» **WORK INSTRUCTIONS**
Nothing but the pictures may be dropped; the rest of the listing is to be written out exactly.

» **SOURCE DATA**
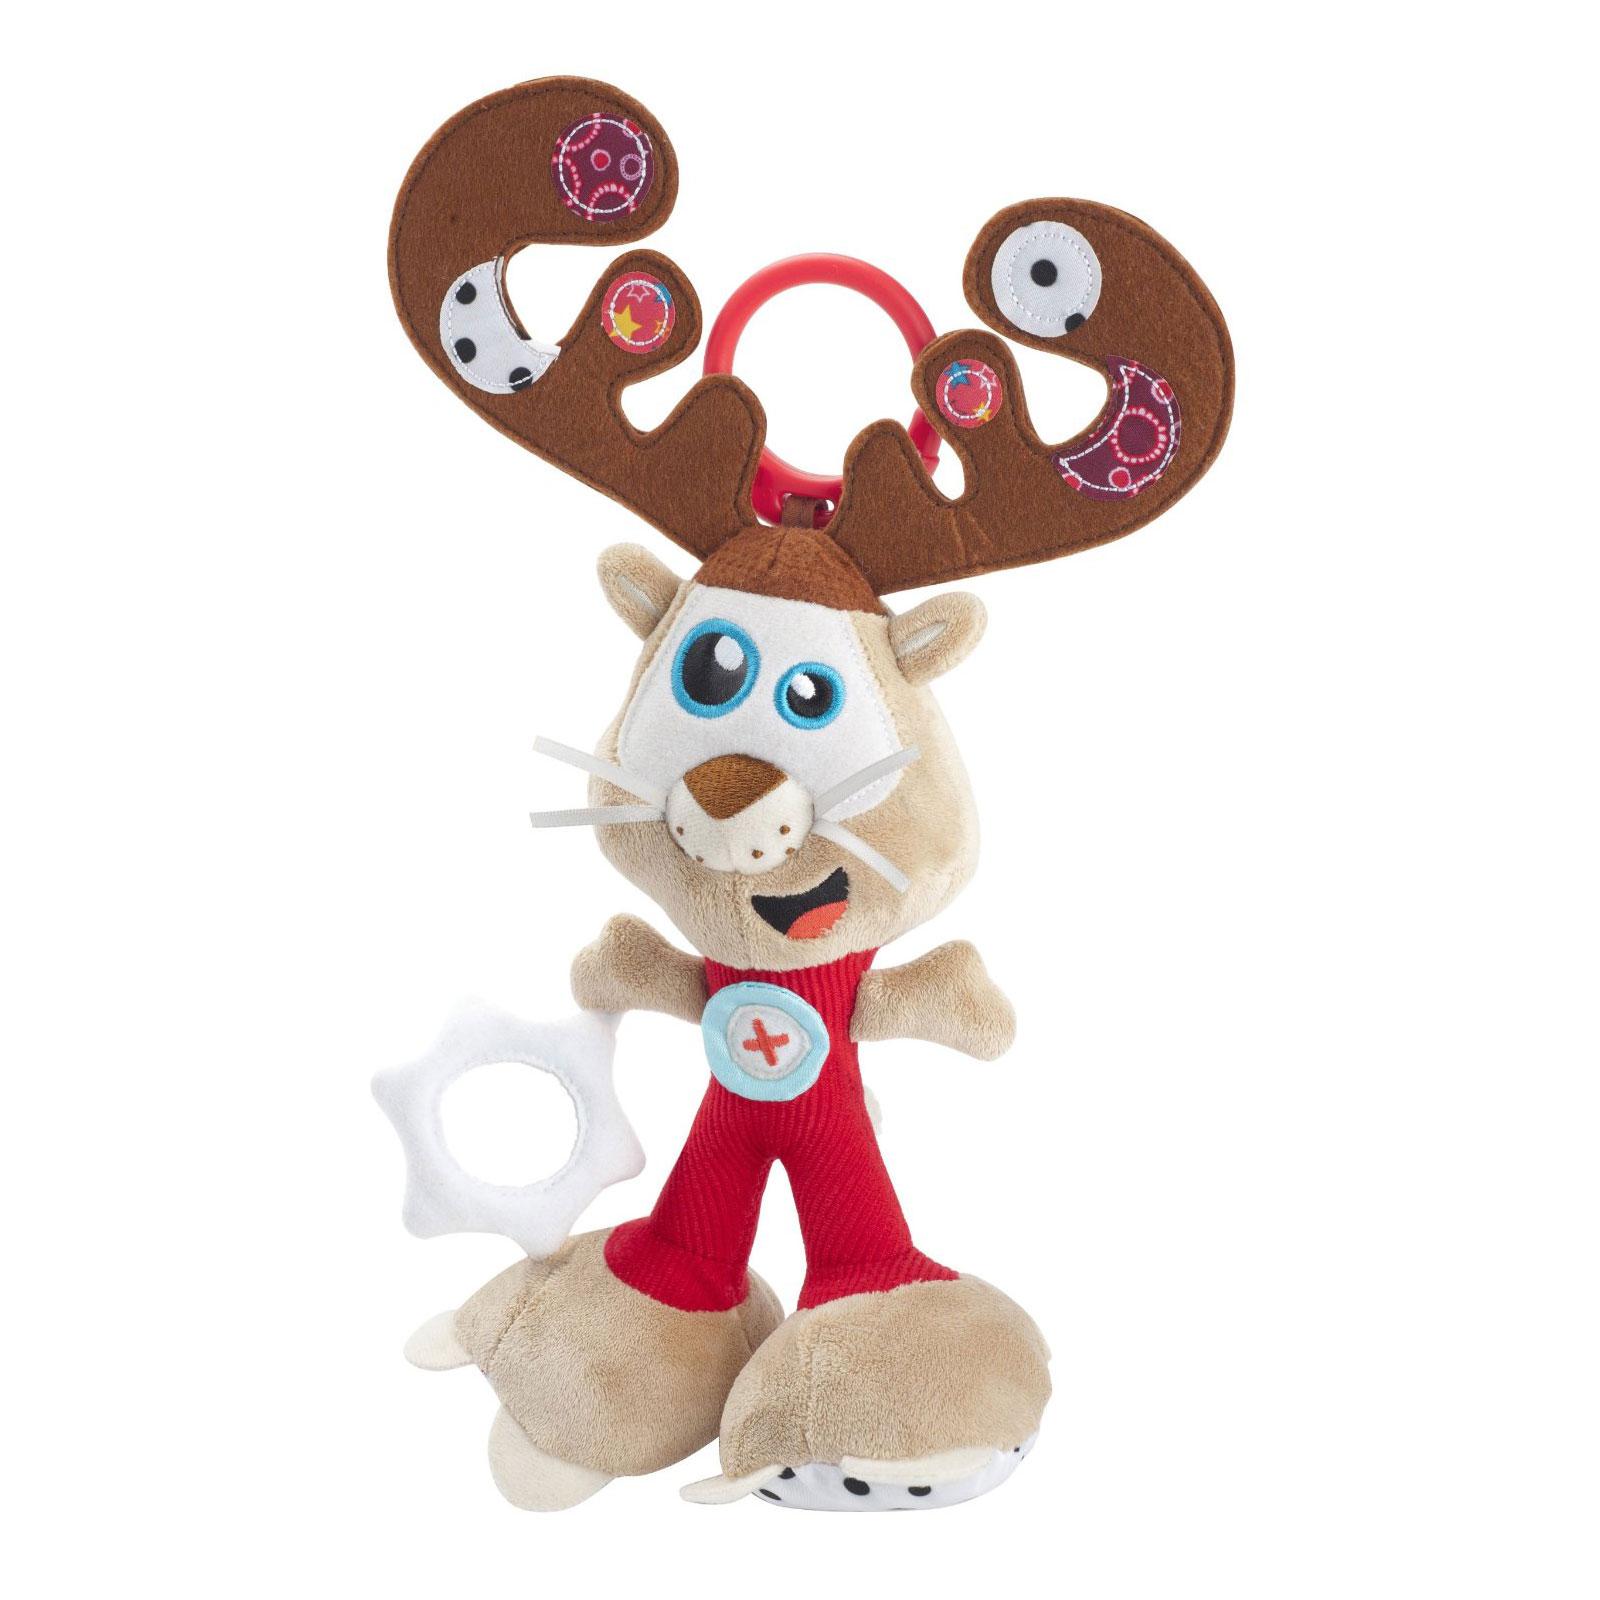 ����������� ������� Baby Moov reindeer-�������� �����
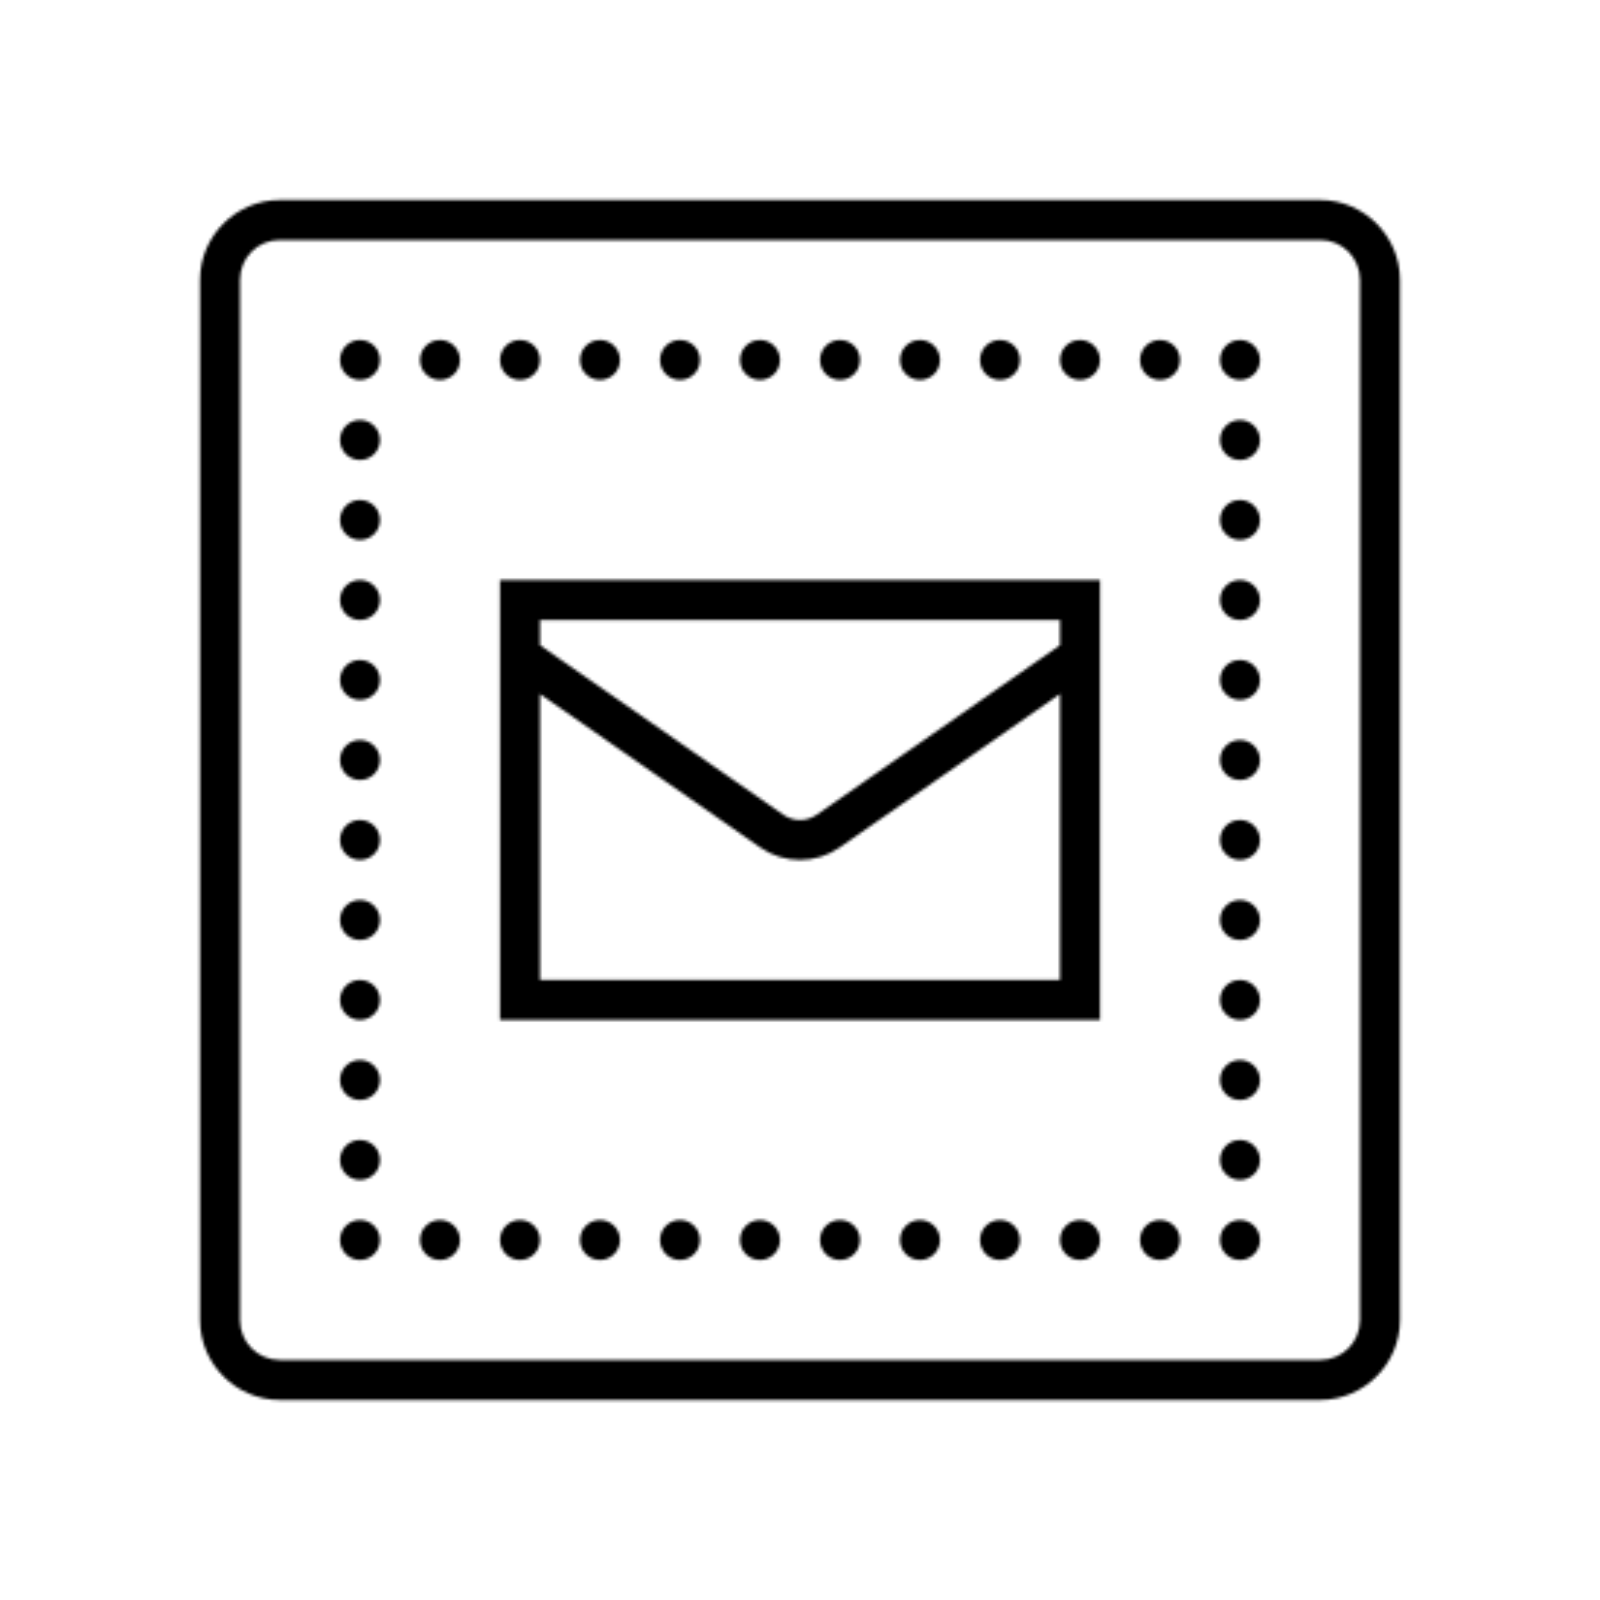 Wiadomość w kwadracie icon
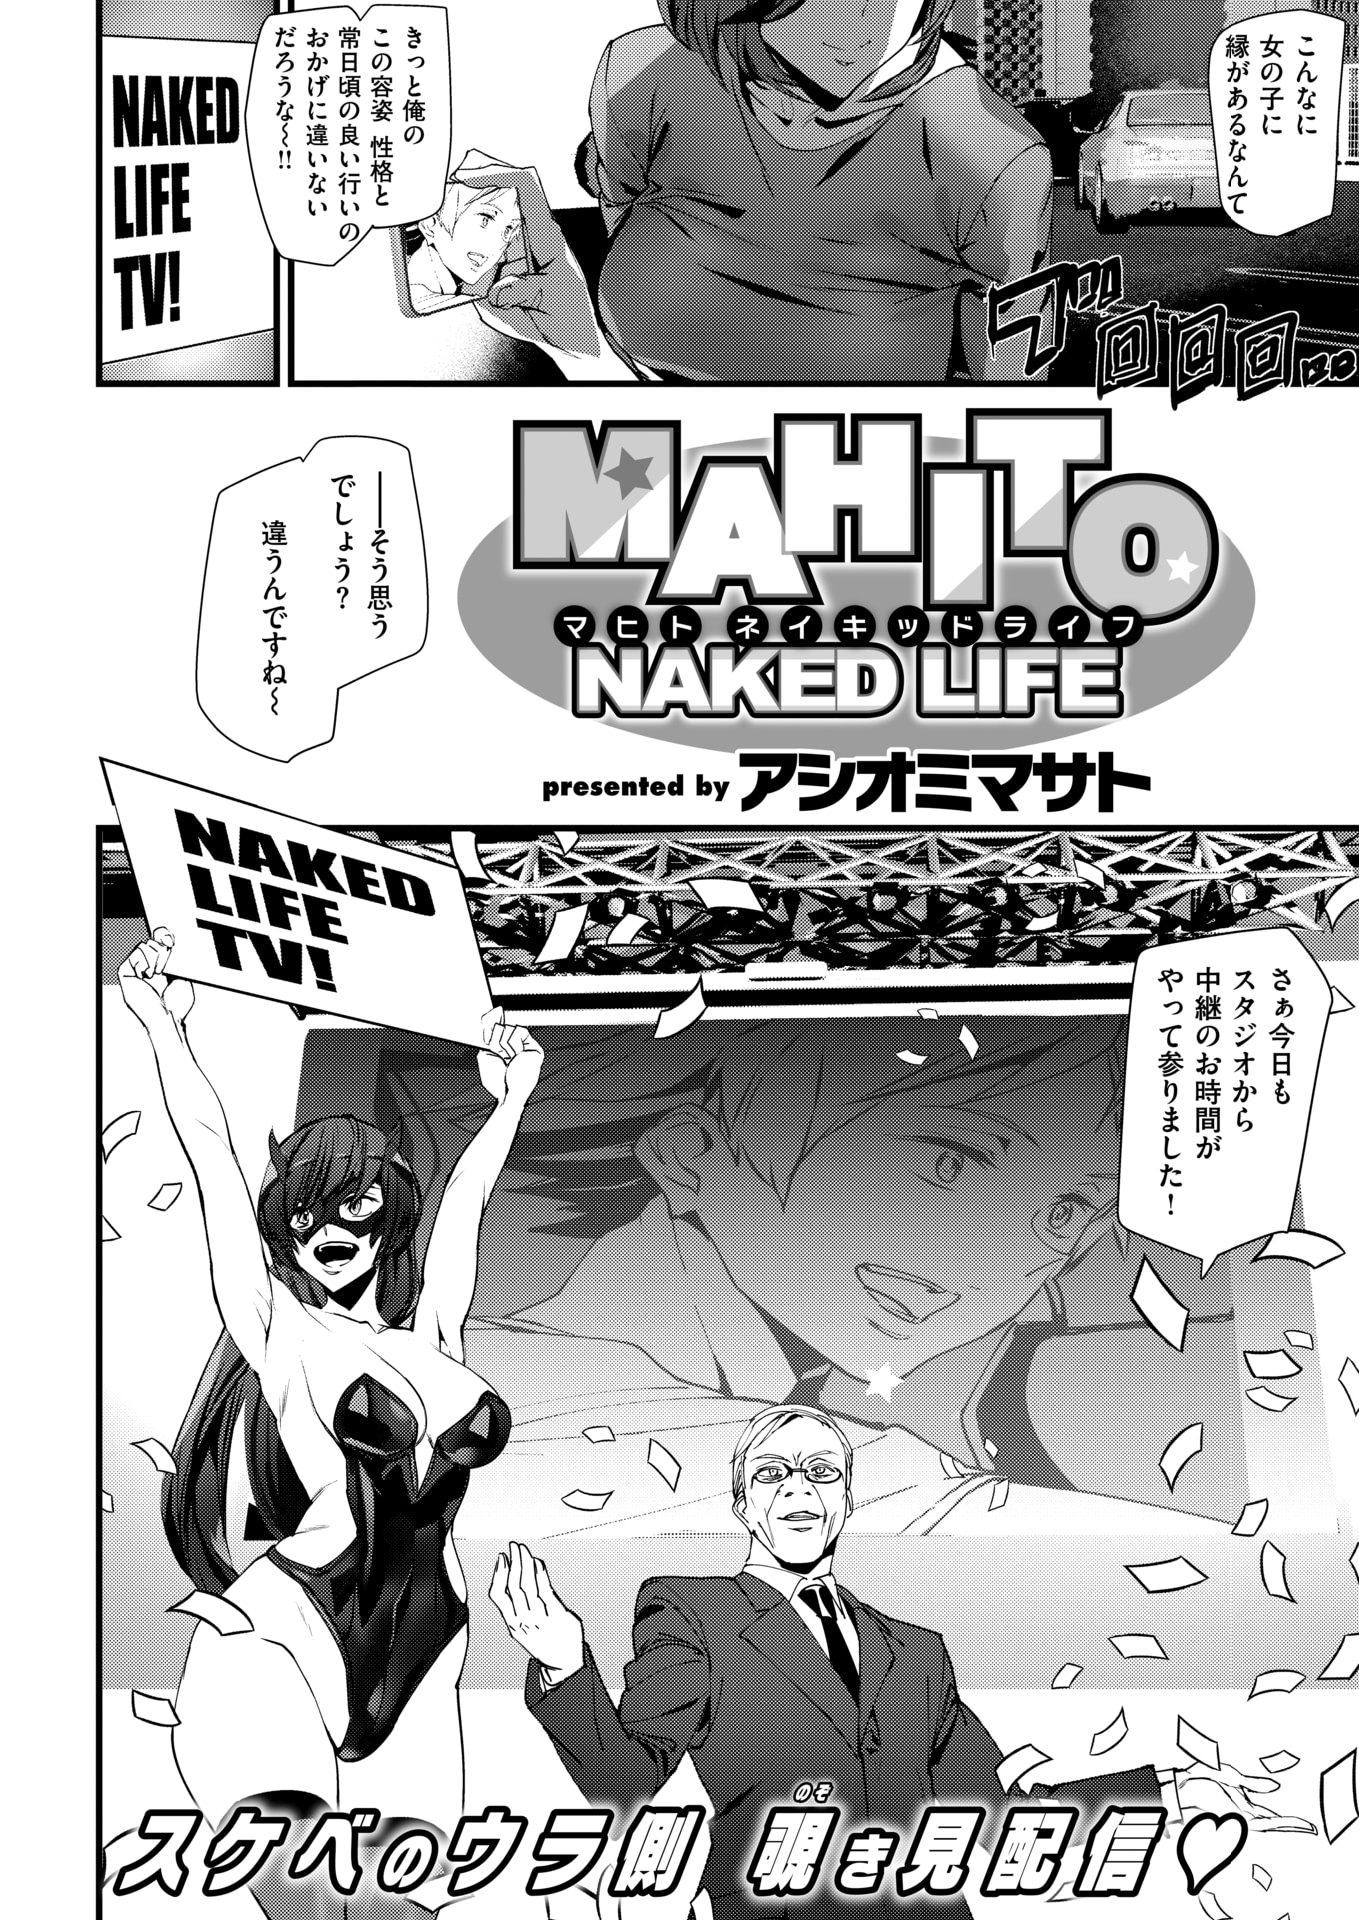 【ギャル巨乳エロ漫画】MAHITO NAKED LIFE_00002
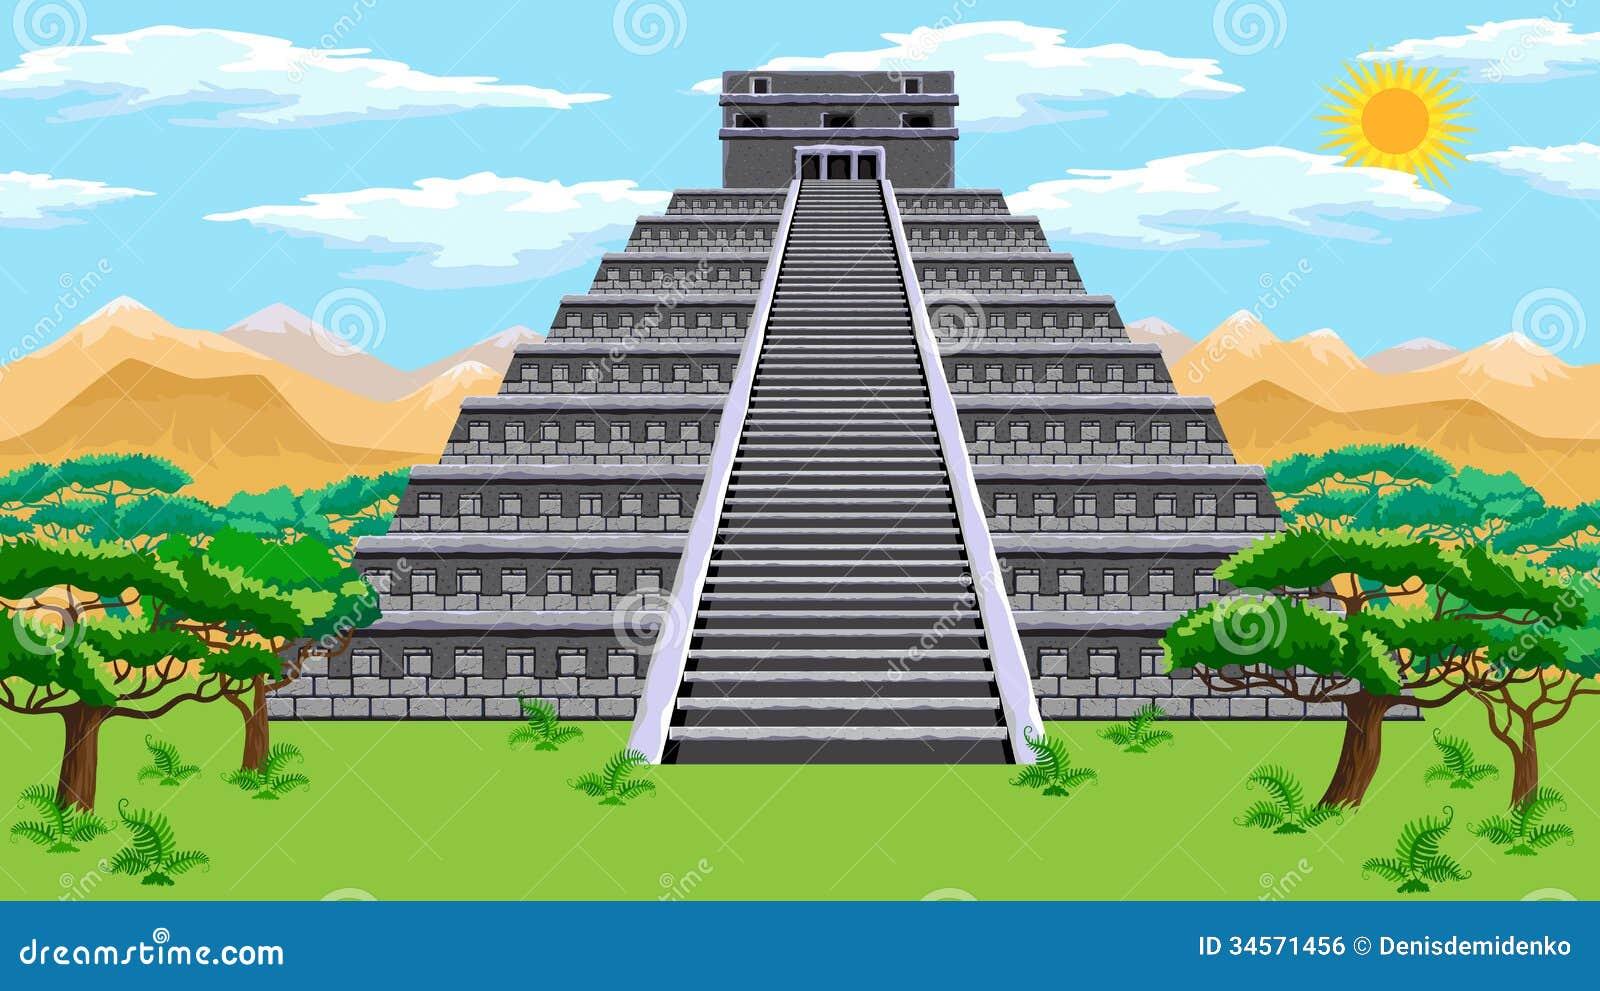 Piramide Azteca Illustrazione Vettoriale Immagine Di

» **ANSWER SECTION**
 ����������� ������� Baby Moov reindeer-�������� �����
 Wiadomość w kwadracie icon
 【ギャル巨乳エロ漫画】MAHITO NAKED LIFE_00002
 Piramide Azteca Illustrazione Vettoriale Immagine Di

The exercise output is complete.